Content » Vol 100, February

Clinical Report

Low-dose Methotrexate Treatment for Solitary or Localized Primary Cutaneous Anaplastic Large Cell Lymphoma: A Long-term Follow-up Study

Jong Bin Park, Myeong Hyeon Yang, Do Ik Kwon, Seol Hwa Seong, Ji Yun Jang, Kee Suck Suh, Min Soo Jang
DOI: 10.2340/00015555-3413

Abstract

Although low-dose methotrexate (MTX) has been used widely in treatment of a variety of dermatological diseases, including multifocal primary cutaneous anaplastic large cell lymphoma (PCALCL), it has not been established for use in the treatment guidelines for solitary or localized PCALCL. Furthermore, there has been no report of long-term follow-up data in Asian patients with PCALCL treated with low-dose MTX. To investigate the effectiveness and clinical outcome of treatment with low-dose MTX, clinical and long-term follow-up data of 7 patients with solitary or localized PCALCL were analysed retrospectively. Of the 7 patients, 6 (85.7%) showed a complete response and 1 (14.3%) showed partial remission. During follow-up, mean duration of 92.1 months, 5 patients developed one or more cutaneous relapses. At the last follow-up, all of the patients with PCALCL were alive without disease.
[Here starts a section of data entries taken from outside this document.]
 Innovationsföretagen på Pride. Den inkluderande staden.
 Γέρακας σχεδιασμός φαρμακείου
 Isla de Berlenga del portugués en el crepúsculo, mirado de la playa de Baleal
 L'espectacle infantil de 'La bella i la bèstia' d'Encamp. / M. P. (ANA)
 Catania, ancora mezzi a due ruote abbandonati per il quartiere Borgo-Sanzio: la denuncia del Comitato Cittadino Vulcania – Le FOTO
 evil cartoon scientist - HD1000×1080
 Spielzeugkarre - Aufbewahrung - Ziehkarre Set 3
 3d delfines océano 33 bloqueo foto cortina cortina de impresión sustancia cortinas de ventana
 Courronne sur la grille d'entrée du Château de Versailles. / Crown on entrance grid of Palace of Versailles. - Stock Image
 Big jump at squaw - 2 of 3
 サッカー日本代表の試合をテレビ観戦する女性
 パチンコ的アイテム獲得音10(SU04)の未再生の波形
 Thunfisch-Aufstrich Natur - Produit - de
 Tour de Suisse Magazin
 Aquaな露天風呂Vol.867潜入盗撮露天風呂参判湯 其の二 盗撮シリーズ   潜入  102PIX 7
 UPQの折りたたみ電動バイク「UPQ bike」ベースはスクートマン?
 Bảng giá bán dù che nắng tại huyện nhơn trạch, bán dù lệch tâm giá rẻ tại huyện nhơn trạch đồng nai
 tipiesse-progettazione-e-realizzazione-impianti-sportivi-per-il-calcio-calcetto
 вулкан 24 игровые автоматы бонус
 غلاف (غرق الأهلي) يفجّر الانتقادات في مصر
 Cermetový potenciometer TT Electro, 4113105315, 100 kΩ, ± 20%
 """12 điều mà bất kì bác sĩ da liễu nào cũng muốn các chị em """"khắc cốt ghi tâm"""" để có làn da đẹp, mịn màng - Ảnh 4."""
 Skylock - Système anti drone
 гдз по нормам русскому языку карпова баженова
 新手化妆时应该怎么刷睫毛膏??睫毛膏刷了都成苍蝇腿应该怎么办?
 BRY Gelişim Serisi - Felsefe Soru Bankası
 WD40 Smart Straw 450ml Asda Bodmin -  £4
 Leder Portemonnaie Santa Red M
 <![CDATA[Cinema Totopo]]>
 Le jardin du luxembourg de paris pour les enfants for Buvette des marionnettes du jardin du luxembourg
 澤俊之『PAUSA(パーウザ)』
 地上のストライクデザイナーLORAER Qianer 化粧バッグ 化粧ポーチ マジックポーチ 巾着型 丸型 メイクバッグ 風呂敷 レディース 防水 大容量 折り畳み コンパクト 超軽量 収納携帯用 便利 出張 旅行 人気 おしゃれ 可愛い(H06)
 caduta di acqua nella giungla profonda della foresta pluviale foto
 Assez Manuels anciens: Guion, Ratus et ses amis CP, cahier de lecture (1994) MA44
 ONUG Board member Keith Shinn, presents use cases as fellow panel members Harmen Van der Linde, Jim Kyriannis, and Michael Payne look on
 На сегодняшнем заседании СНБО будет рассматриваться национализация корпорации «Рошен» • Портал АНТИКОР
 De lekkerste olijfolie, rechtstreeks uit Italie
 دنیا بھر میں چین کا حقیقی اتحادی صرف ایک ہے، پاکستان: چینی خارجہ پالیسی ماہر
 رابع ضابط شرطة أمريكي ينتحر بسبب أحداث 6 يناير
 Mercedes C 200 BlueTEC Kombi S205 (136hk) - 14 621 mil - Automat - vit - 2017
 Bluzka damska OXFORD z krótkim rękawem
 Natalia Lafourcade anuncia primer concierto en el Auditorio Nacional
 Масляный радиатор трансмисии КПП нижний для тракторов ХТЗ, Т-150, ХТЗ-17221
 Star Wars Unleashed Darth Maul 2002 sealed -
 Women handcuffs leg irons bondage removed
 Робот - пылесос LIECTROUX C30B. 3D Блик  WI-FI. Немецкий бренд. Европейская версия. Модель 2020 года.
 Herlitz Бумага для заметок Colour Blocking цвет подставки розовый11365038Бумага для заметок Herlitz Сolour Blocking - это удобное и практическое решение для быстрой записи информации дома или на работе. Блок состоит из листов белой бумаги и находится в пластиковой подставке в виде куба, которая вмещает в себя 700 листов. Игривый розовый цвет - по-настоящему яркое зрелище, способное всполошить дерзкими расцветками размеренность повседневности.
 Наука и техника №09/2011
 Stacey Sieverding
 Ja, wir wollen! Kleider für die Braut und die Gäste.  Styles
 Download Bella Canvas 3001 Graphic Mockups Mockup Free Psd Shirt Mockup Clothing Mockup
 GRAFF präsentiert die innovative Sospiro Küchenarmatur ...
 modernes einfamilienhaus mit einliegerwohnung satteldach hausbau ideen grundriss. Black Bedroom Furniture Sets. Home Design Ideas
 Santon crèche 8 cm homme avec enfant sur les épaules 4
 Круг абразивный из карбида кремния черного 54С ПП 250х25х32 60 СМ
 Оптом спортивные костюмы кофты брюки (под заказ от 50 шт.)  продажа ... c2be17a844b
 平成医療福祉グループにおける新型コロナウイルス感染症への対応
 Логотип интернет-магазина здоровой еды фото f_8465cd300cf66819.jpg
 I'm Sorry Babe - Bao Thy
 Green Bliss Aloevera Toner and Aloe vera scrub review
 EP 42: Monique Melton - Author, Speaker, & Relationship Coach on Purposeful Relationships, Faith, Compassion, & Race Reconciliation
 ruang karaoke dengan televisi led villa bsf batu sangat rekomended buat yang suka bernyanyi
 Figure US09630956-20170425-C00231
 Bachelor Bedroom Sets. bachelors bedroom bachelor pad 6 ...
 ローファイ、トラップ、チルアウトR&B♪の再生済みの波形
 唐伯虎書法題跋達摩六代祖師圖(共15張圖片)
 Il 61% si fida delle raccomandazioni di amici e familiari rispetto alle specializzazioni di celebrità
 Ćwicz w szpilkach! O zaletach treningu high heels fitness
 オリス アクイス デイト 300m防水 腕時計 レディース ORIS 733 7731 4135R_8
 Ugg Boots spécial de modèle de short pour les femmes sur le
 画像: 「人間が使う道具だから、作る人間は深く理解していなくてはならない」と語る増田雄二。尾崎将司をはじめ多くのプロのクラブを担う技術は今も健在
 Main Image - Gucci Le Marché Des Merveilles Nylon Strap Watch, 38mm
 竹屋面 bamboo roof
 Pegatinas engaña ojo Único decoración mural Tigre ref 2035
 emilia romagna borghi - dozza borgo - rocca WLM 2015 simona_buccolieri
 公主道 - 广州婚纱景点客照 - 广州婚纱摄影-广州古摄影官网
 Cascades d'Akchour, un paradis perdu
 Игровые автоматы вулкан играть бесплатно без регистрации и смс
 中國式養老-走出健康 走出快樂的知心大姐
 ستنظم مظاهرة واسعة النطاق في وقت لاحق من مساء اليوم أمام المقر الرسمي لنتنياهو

These results indicate that low-dose MTX is a highly effective and safe treatment for solitary or localized PCALCL as well as multiple relapsed lesions.

Significance

Primary cutaneous CD30+ lymphoproliferative disorders are the second most common cutaneous T-cell lymphoma. In the case of solitary or localized primary cutaneous anaplastic large cell lymphoma (PCALCL), surgical excision or radiotherapy are the first-line treatments. However, those options can lead to significant functional or cosmetic morbidities. Low-dose methotrexate has not been established in treatment for solitary or localized PCALCL. Furthermore, even in multifocal PCALCL, low-dose methotrexate has been proposed as first-line therapy based on only a limited number of studies. There has been no report of long-term follow-up data focused specifically on Asian patients with PCALCL treated with low-dose methotrexate. This study suggests that low-dose MTX treatment should be established as an effective alternative in the treatment guidelines for solitary or localized PCALCL, in which surgical excision and/or radiotherapy is not feasible.